70 Highway networks vs ResNets (brief).Hard
Answer: Highways use learned gates on skip vs transform; ResNet uses identity skip + simpler F(x). ResNet won for simplicity and performance in vision.
71 Do Transformers vanish like RNNs?Medium
Answer: Depth is finite and paths include residual + LN; attention mixes tokens in O(1) depth per layer—not the same T-step product as unrolled RNN, but very deep stacks still need design care.
72 Link to weight initialization.Easy
Answer: Good init keeps activations in a range where derivatives aren’t tiny everywhere—reduces extreme products at start of training.
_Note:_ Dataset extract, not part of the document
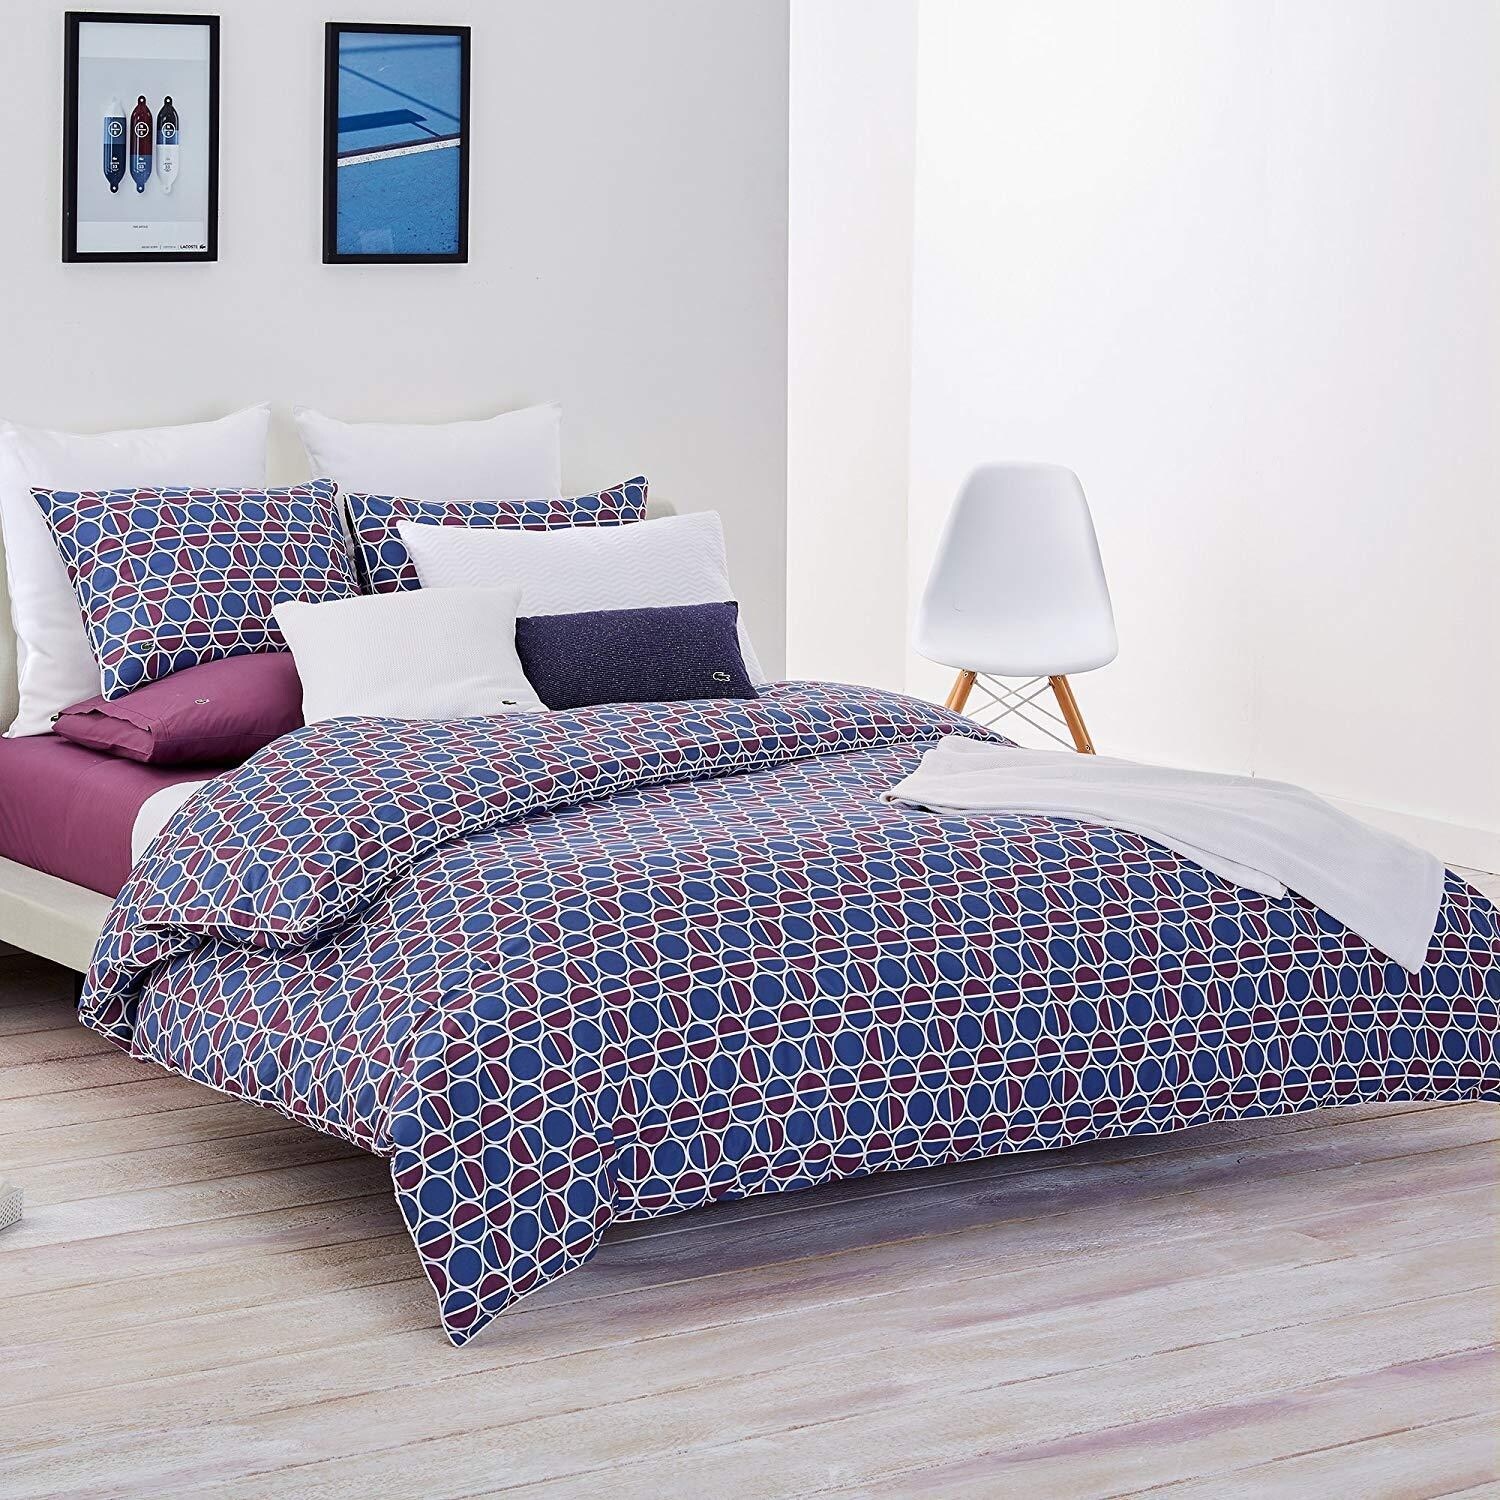 https://ak1.ostkcdn.com/images/products/is/images/direct/79d8449f73d92dc6312857ba0cfa13d066857faa/Lacoste-Washed-Solid-Duvet-Set.jpg

73 How might you detect exploding gradients in logs?Easy
Answer: Sudden NaN loss, gradient norm spikes, weights blow up—watch global norm per step.
74 Mixed precision and loss scaling.Hard
Answer: Small gradients can underflow in fp16; loss scaling multiplies loss before backward so gradients stay in representable range, then unscales for the optimizer.
75 One-sentence fix menu for interviews.Easy
Answer: Use ReLU, good init, BN/LN, residuals, gated RNNs or attention, and gradient clipping when training recurrent or unstable nets.
Always mention products along the graph—the core math story.